The ControlFrame function returns a type containing (svg string, overall width of control frame, overall height of control frame)

To get a dimension, try out the following:

import gdtsvg
ourDimension = linearDimension(point1, point2, textpoint, dimensiontext, linestyle=getStyle("visible"), 
               arrowstyle=getStyle("filled"), textstyle=getStyle("text")

Inputs for linear dimension are:

  1. point1, an (x,y) tuple with svg-coordinates, this is one of the points you would like to dimension between
  2. point2, an (x,y) tuple with svg-coordinates, this is the second point you would like to dimension between
  3. textpoint, an (x,y) tuple of svg-coordinates, this is where the text of your dimension will be
  4. dimensiontext, a string containing the text you want the dimension to say
  5. linestyle, a string containing svg (i.e. css) styles, using the getStyle function to retrieve a preset string, for styling the how the lines look
  6. arrowstyle, a string containing svg (i.e. css) styles, using the getStyle function to retrieve a preset string, for styling how the arrows look
  7. textstyle, a string containing svg (i.e. css) styles, using the getStyle function to retrieve a preset string, for styling how the text looks

With those two, you can proceed as above for displaying them on the drawing page.
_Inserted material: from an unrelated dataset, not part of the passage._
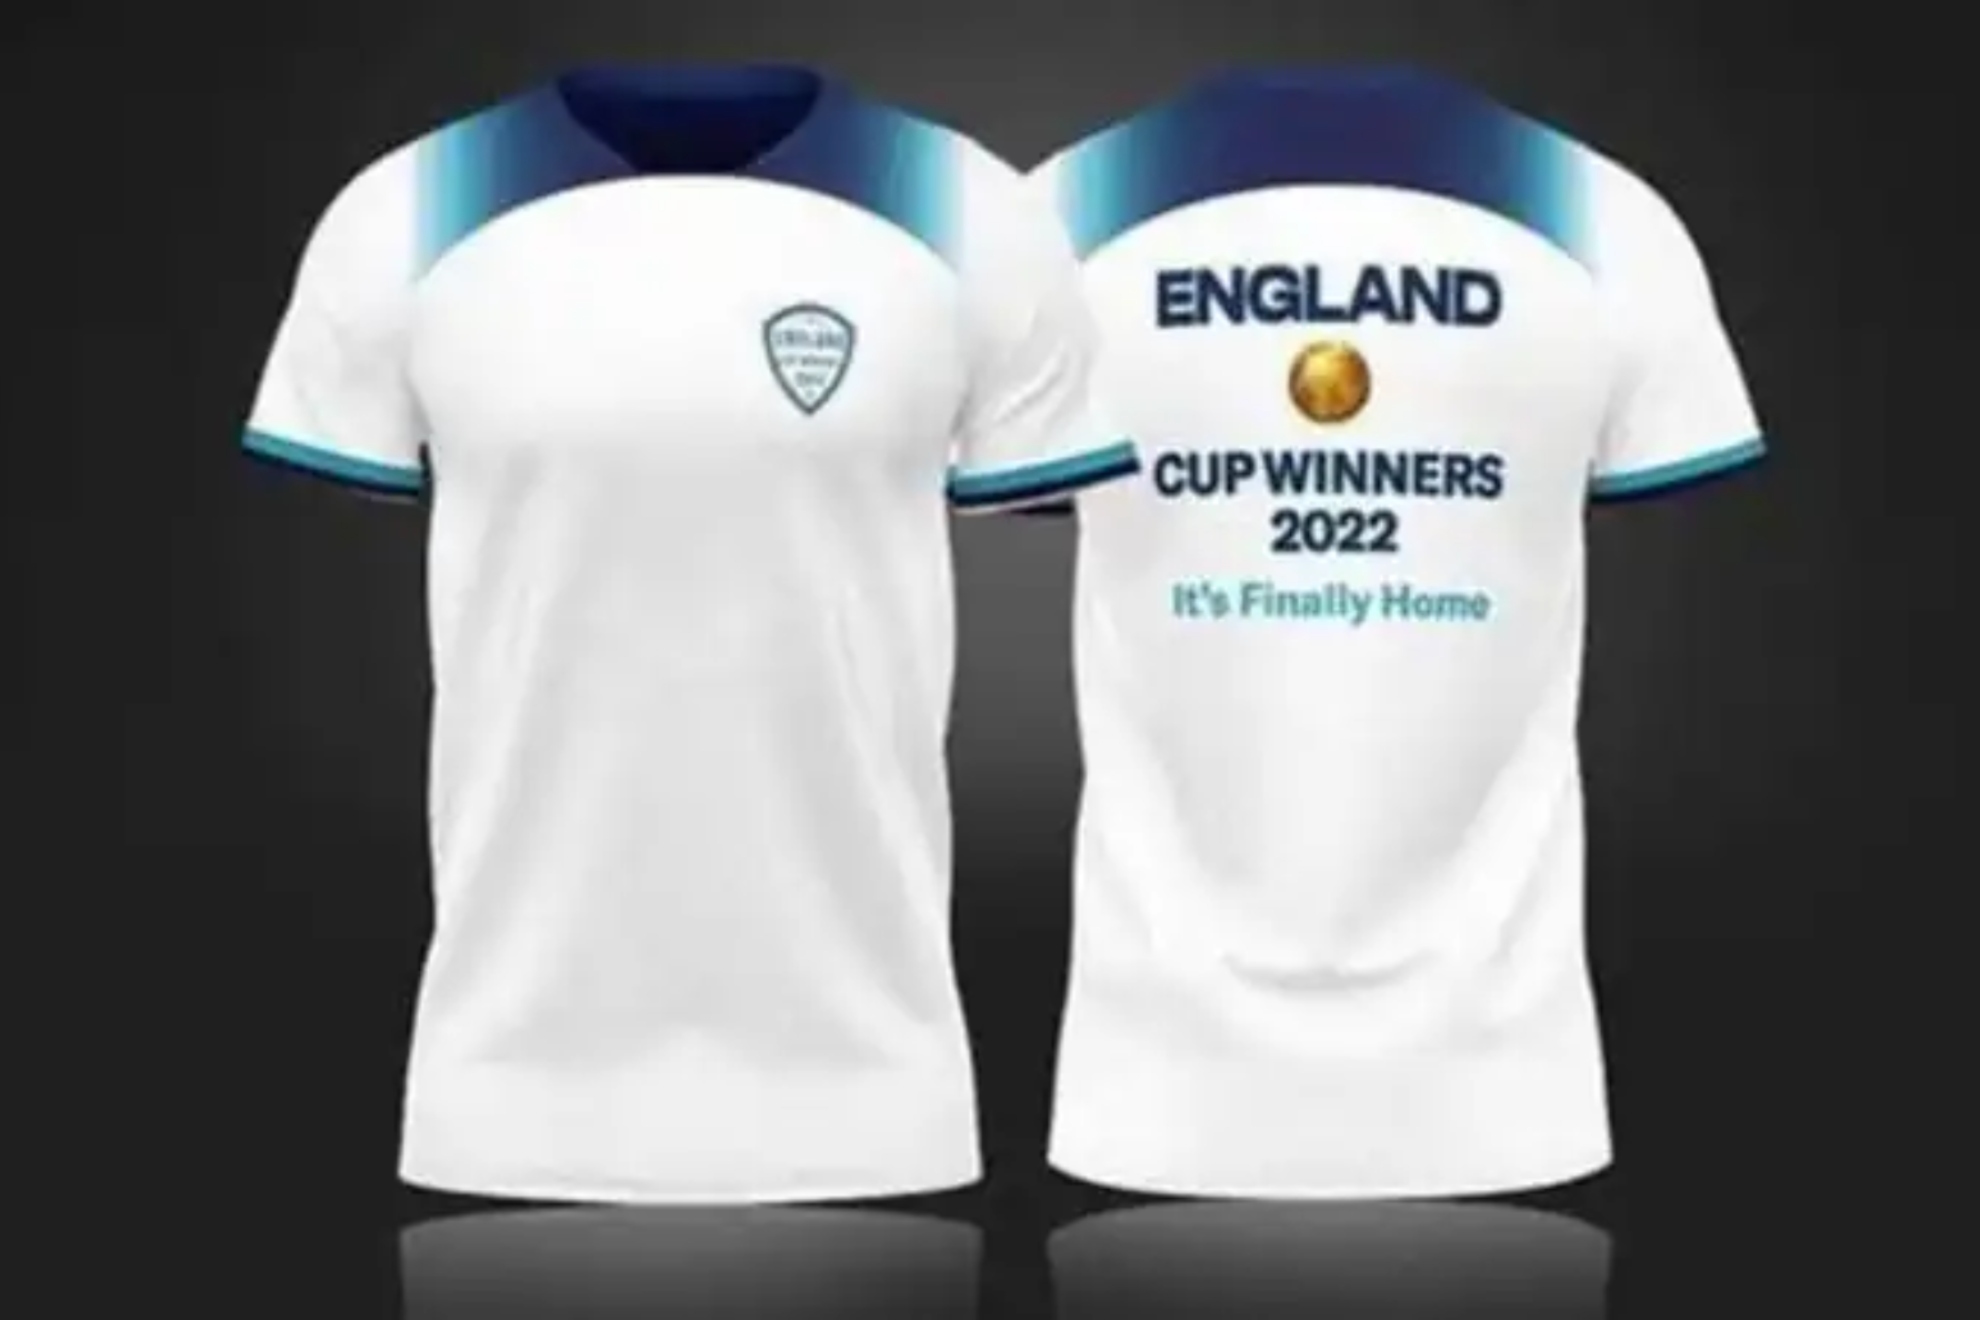 Las camisetas impresas con el lema de Inglaterra Campen.

This module is very buggy and can be broken at any given moment, bug reports are welcome on the github page for now, or contact jcc242 on the forums if you post a bug somewhere else.

Templates

FreeCAD comes bundled with a set of default templates, but you can find more on the Drawing templates page.

Extending the Drawing Module

Some notes on the programming side of the drawing module will be added to the Drawing Documentation page. This is to help quickly understand how the drawing module works, enabling programmers to rapidly start programming for it.